Управляющий был вне себя. Он обводил глазами их мрачные лица.
— Будьте же честны! Вы говорите одно, но вас не оставляет мысль о том, кто станет главным надсмотрщиком. Так на улице никогда не будет мира. Я боюсь, вы скрестите дубинки и перебьете друг друга. Тогда Касему ничего не будет стоить расправиться с оставшимися.
— Боже упаси! — воскликнули многие.
Четко и громко управляющий произнес:
— На улице остались только кварталы Габаль и Рифаа. Пусть в каждом будет по надсмотрщику. Главный надсмотрщик нам не нужен. Давайте договоримся так. Будем вместе противостоять внешнему врагу.
Зависла страшная тишина. Через несколько секунд кто-то безразлично произнес:
— Да… Да…
— Пусть будет так, хотя мы испокон веков были господами на нашей улице.
Хагаг возразил:
— Пусть будет так, но без всяких «хотя». Здесь нет ни господ, ни слуг, особенно после того как ушли бродяги. Кто станет отрицать, что Рифаа был самым благородным из сыновей улицы?
Сгорая от злости, Гулта вспылил:
— Хагаг! Я знаю, что у тебя на уме!
Хагаг собрался ответить, но управляющий злобно прикрикнул на них:
— Скажите, вы начнете вести себя как мужчины, или как?! Узнав о вашей слабости, с гор, как волчья стая, набегут бродяги. Скажите мне: способны ли вы выступить единым фронтом, или мне искать другой выход?
Отовсюду послышалось:
— Позор! Стыд! Улица на краю гибели.
Все покорно посмотрели на управляющего.
— Вы все еще превосходите их силой и числом. Но брать приступом гору второй раз бессмысленно, — сказал он.

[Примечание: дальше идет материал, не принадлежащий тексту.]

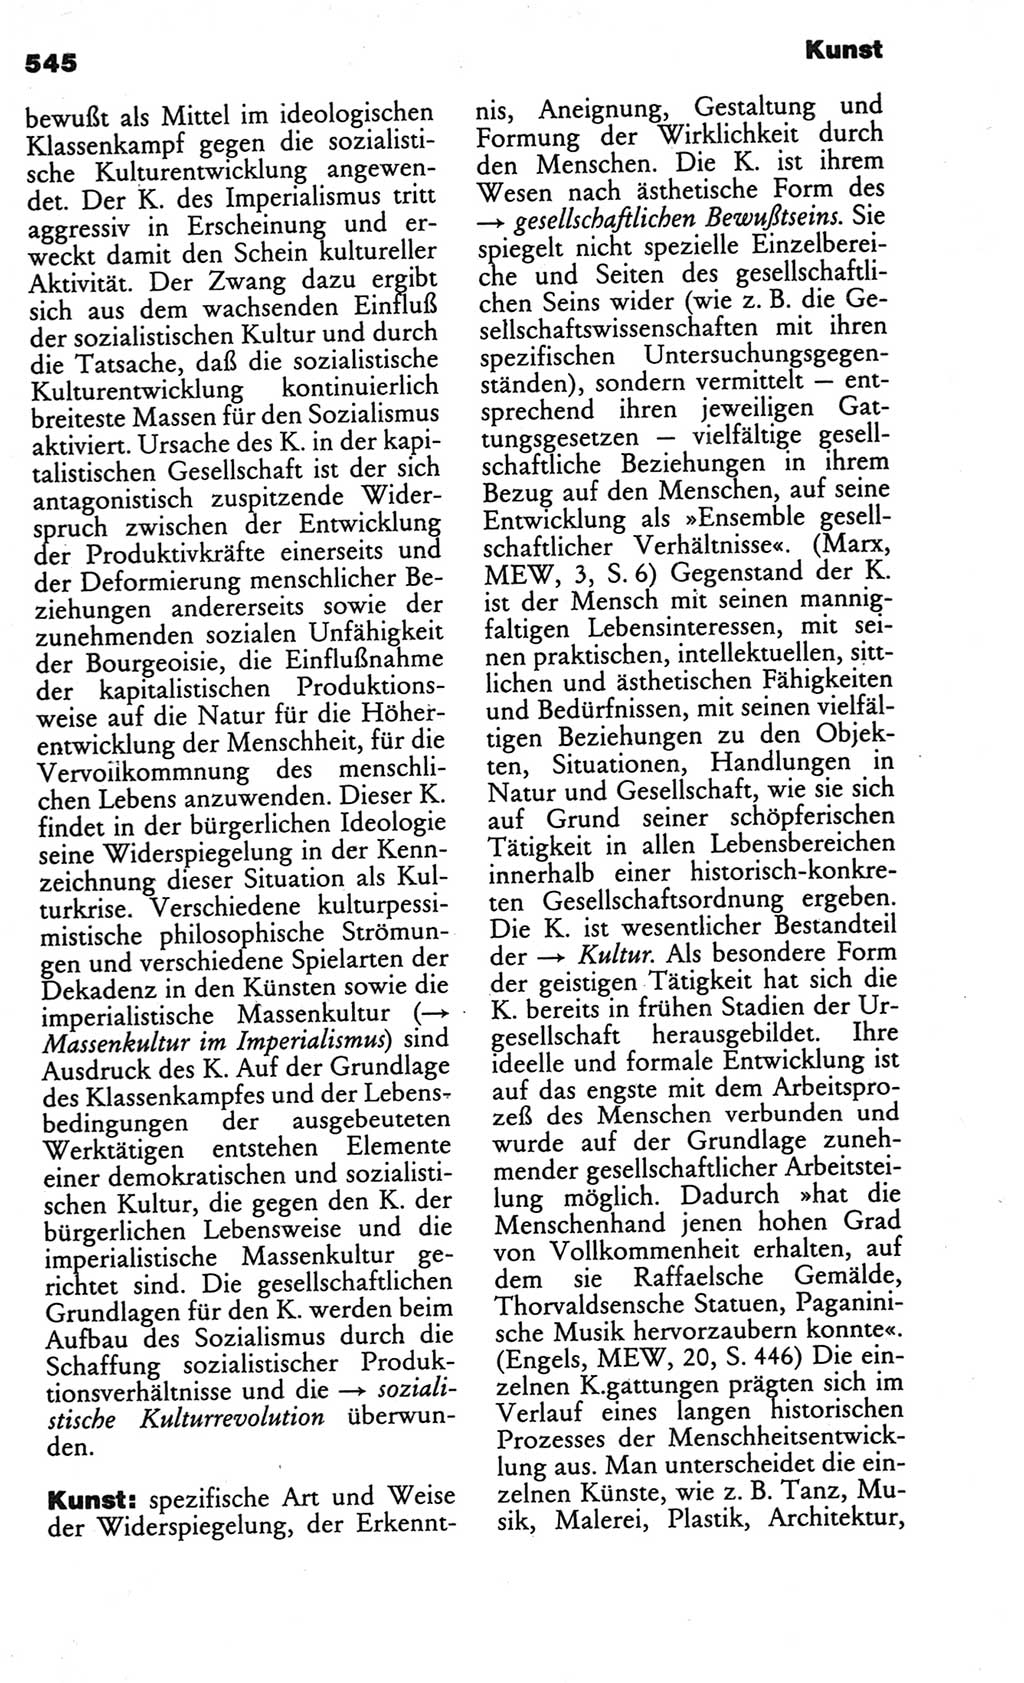 Kleines politisches Wörterbuch [Deutsche Demokratische Republik (DDR)] 1986, Seite 545 (Kl. pol. Wb. DDR 1986, S. 545)

На лицах появился немой вопрос.
— Будем держать их на вершине, перекрыв обе тропы к ней. Они либо сдохнут от голода, либо будут вынуждены спуститься к вам в руки.
— Правильное решение. Именно это я и уговаривал сделать Лахиту, да примет Господь его душу, — отозвался Гулта. — Однако он назвал осаду трусостью и приказал атаковать любой ценой.
— Я согласен, — сказал Хагаг. — Но прежде чем приступить к осуществлению этого плана, нашим людям надо дать отдохнуть.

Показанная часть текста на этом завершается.